Conducted by Aon Risk Solutions, a recent research survey of 1,000 small and medium-sized enterprise (SMEs) decision makers uncovered some worrying results. The study, which took place in the UK, found that although 31% of respondents consider developing their online presence as a key opportunity in the year ahead, only 7% have cyber insurance. These organizations are putting their entire operation and all of their customer data at risk, so why the reluctance to buy cyber coverage?
“One reason is that it’s not being sold to clients properly,” explains Jeremy Barnett, Senior Vice President of Marketing at NAS Insurance
Services. “Many brokers are unable to identify risks that are not covered by their clients’ general liability policies, specifically things like cybercrime and ransomware.”

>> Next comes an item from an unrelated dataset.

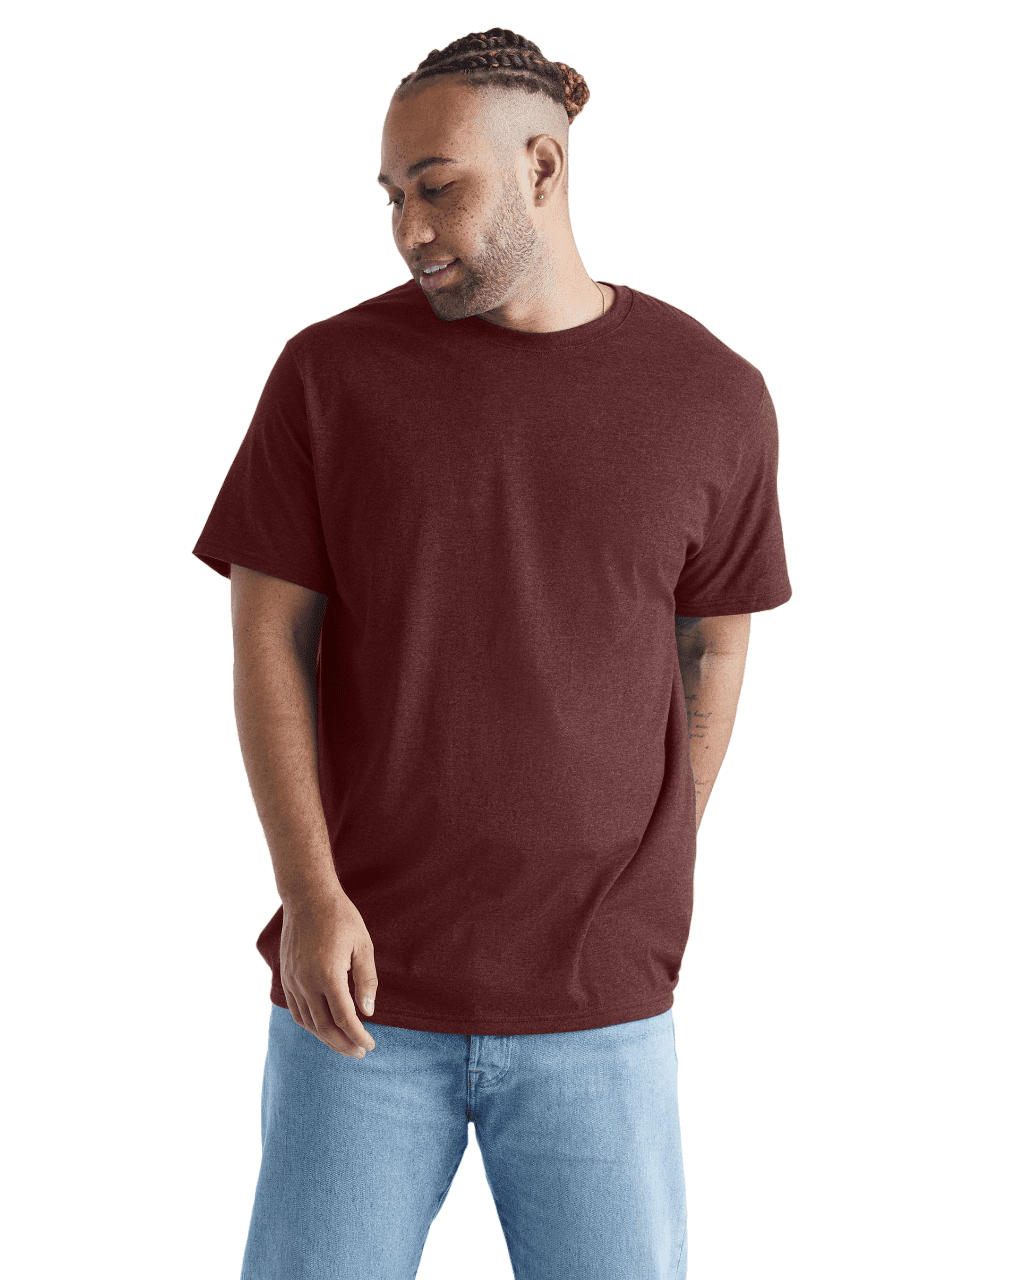 Hanes Originals Mens Big and Tall Cotton T-Shirt

Traditionally, a hacker’s objective was to steal customer data and then sell it on or use it for illegal means. But in blocking a user’s access to their systems, ransomware is creating a whole new set of business interruption issues for SMEs. You don’t have to be an ecommerce site who handles transactions to be affected, any organization who uses the Internet or internal computer systems can have their hands tied for days.
“Whether you’re a physician who manages patient schedules or an independent contractor who loses access to your billing and invoicing information, ransomware can have a significant impact,” Barnett says. “It’s a matter of brokers being able to identify the areas of risk and then suggesting the appropriate cyber policy.”
Barnett believes that brokers should be more active in offering cyber products to their clients. “With every renewal of a business owner’s policy or general liability policy for a small business, the broker should considering adding cyber,” he says. “There are lots products on the market with varying limits. When you consider that a cyber event could put a small organization out of business, $1,500 or $2,000 for a robust cyber policy represents a good return on investment.”